| What you have to do |
Nothing outside the range is to be copied. From the entries below, reproduce exactly the lines starting at the one with "Dunkelgrau, 40 x 40 cm" and ending at the one with "99a0de2a98d4 Gucci Gg", without pictures.

| Extracted data |
——————

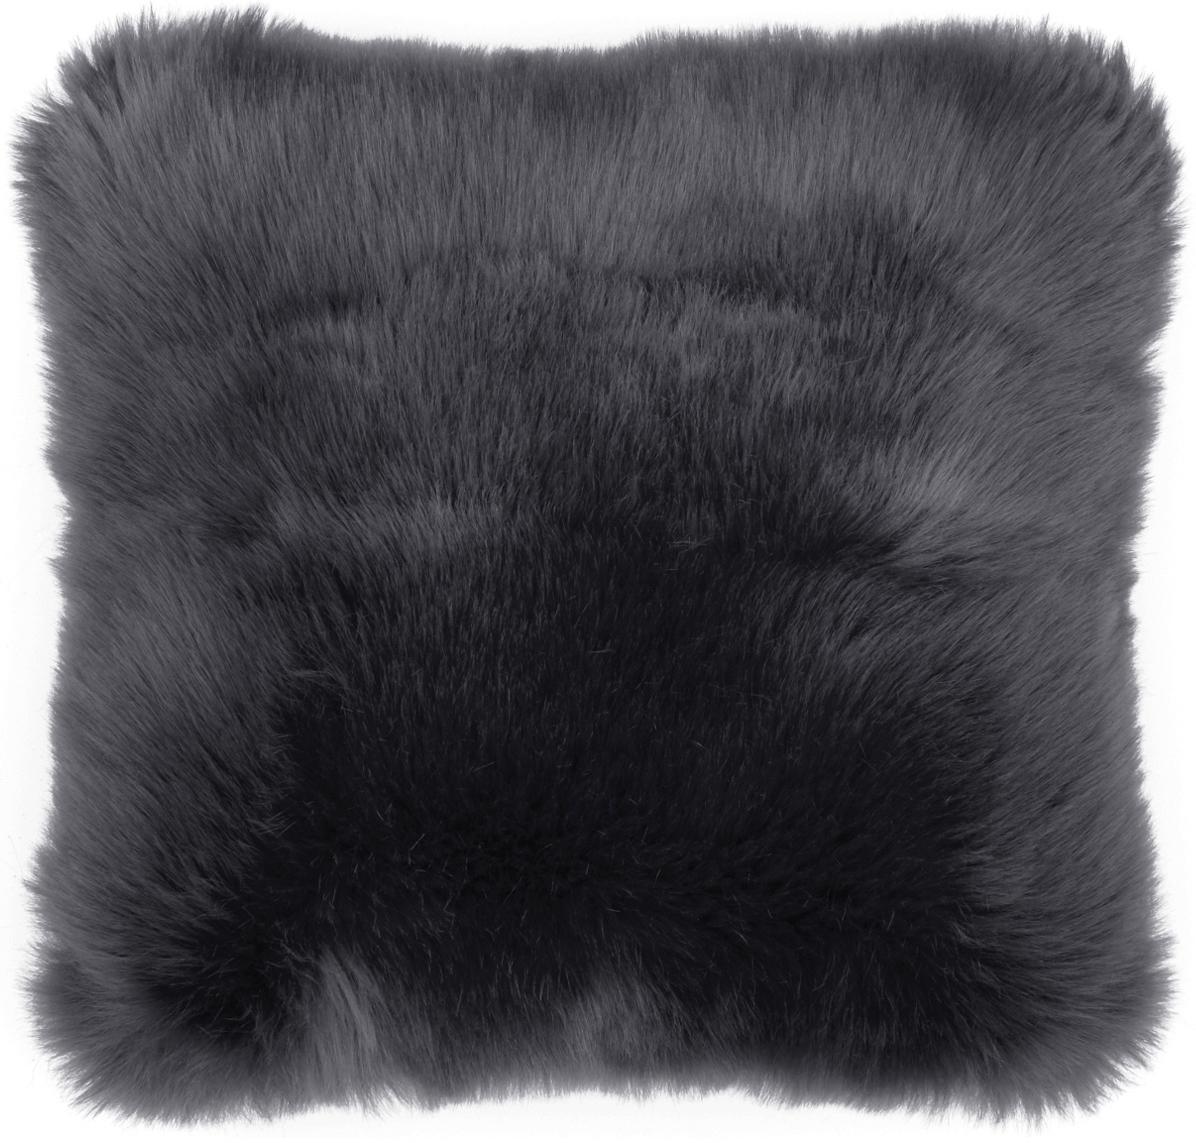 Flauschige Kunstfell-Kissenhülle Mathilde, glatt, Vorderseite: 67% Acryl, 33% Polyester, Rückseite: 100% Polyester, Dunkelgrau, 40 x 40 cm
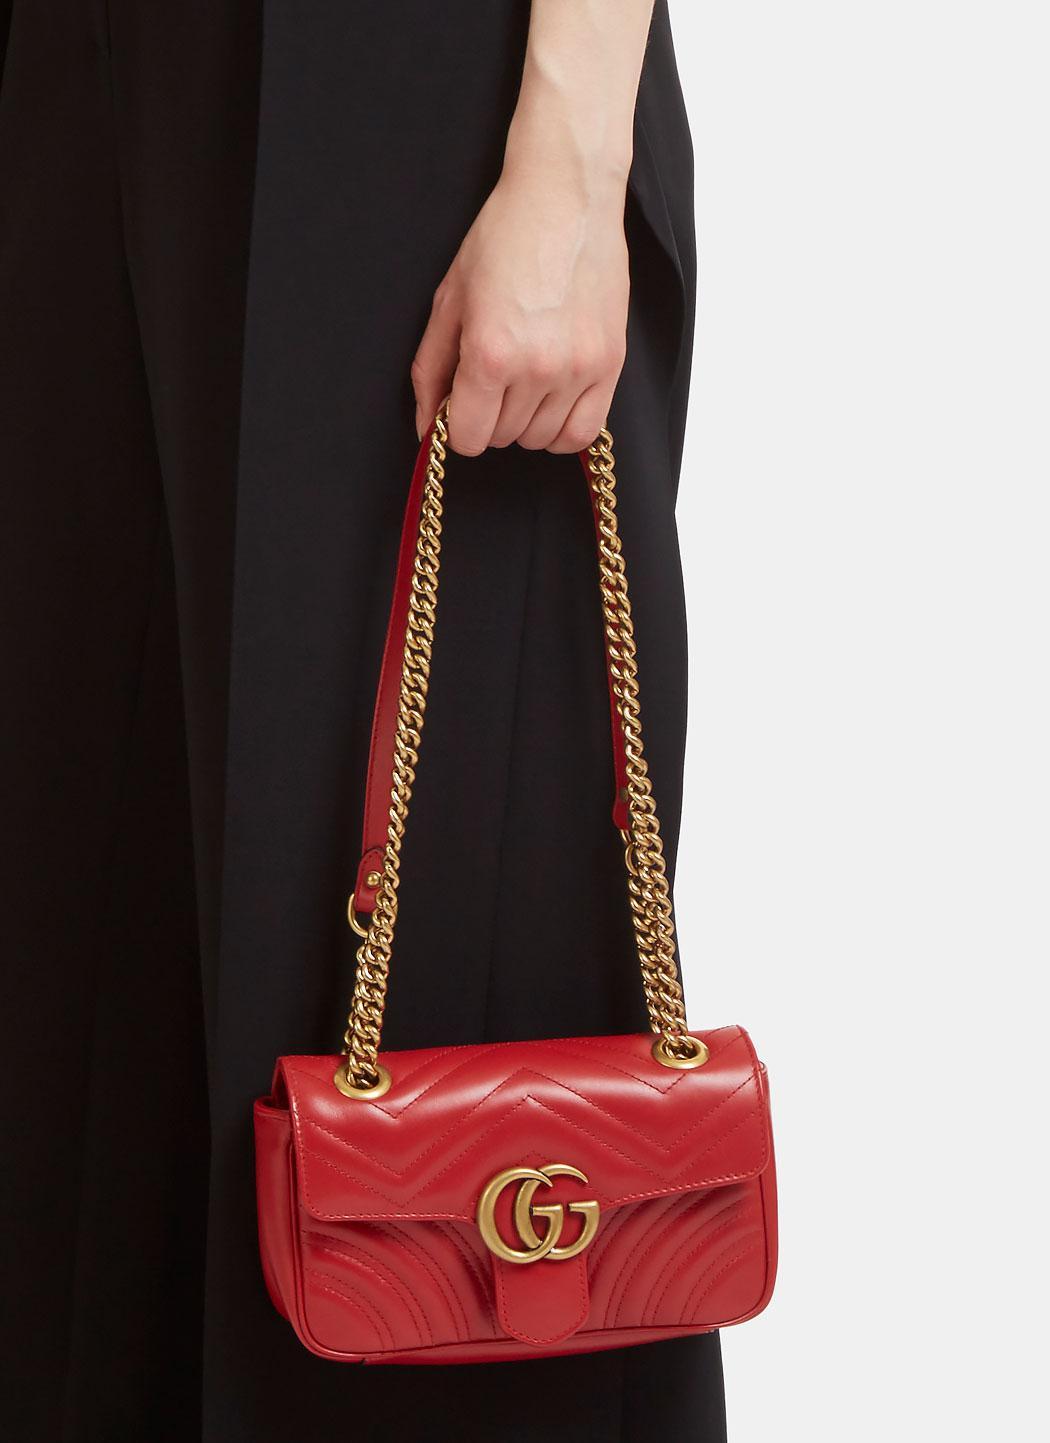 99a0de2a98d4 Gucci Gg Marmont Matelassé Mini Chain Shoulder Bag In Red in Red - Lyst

——————

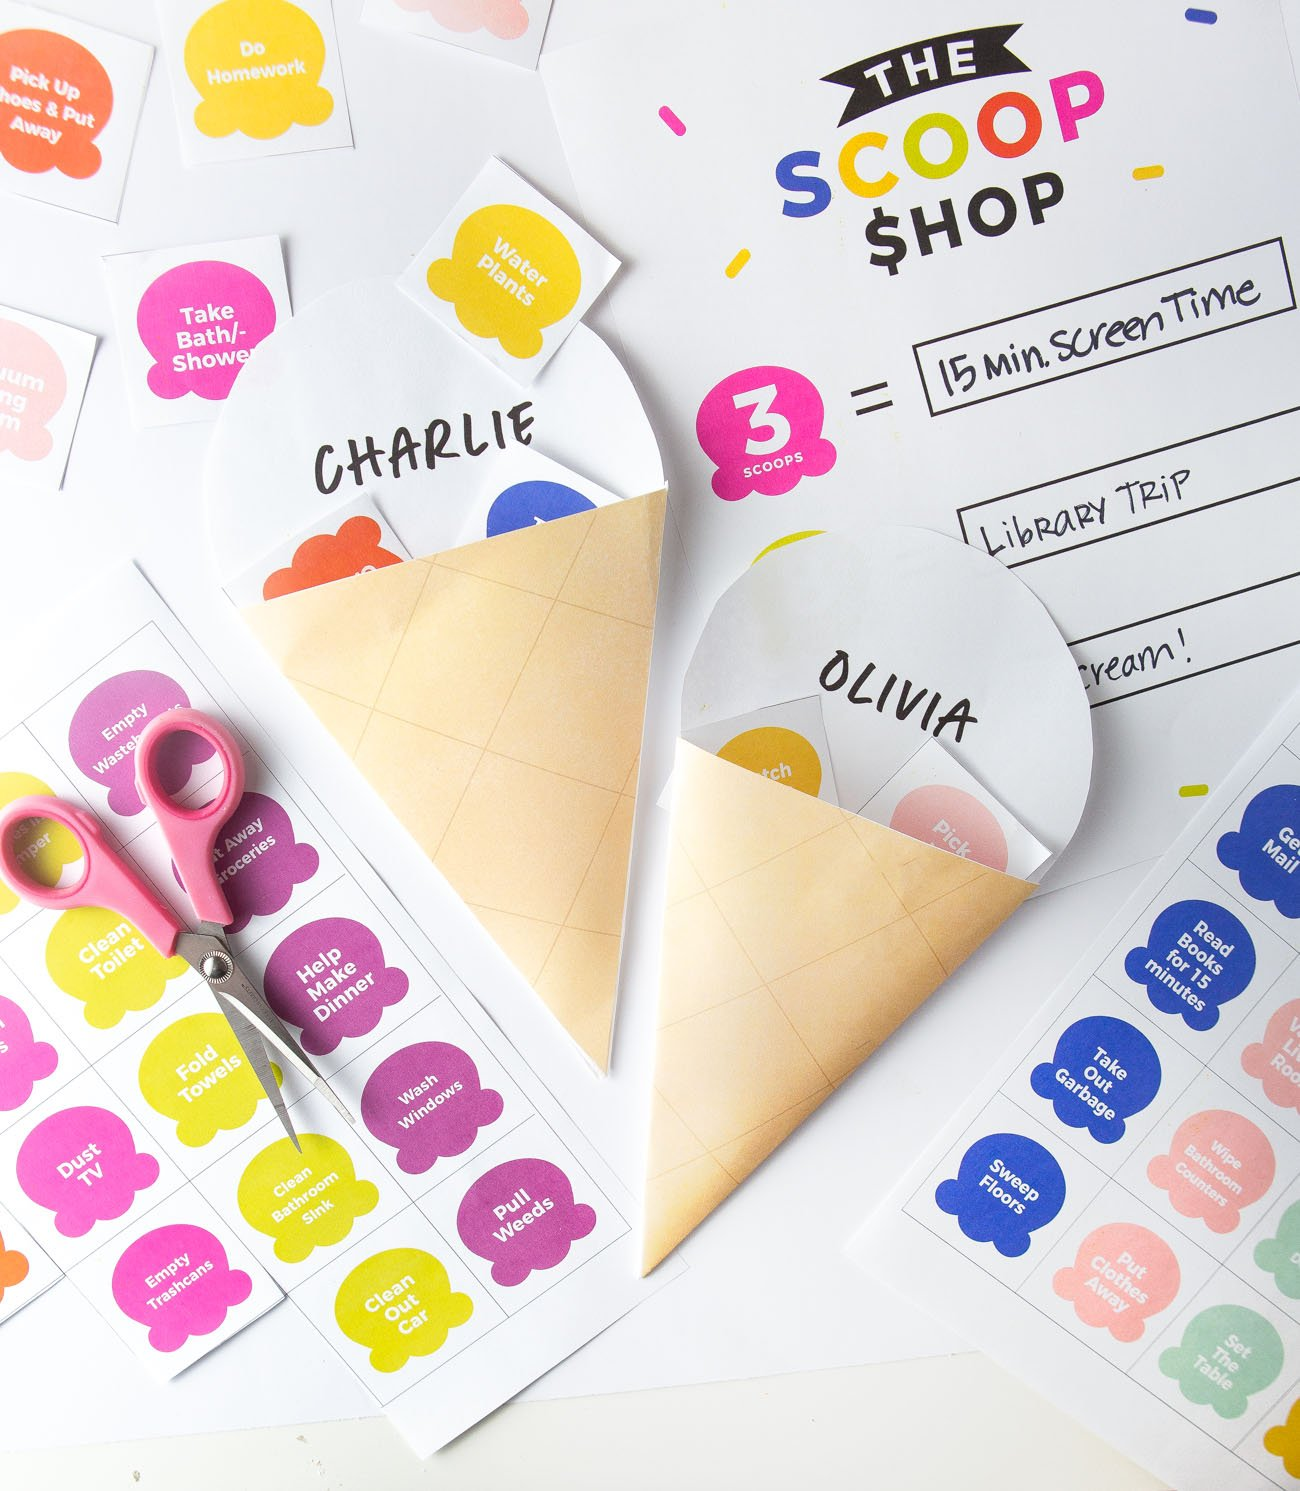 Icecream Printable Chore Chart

——————

| Task response |
 Flauschige Kunstfell-Kissenhülle Mathilde, glatt, Vorderseite: 67% Acryl, 33% Polyester, Rückseite: 100% Polyester, Dunkelgrau, 40 x 40 cm
 99a0de2a98d4 Gucci Gg Marmont Matelassé Mini Chain Shoulder Bag In Red in Red - Lyst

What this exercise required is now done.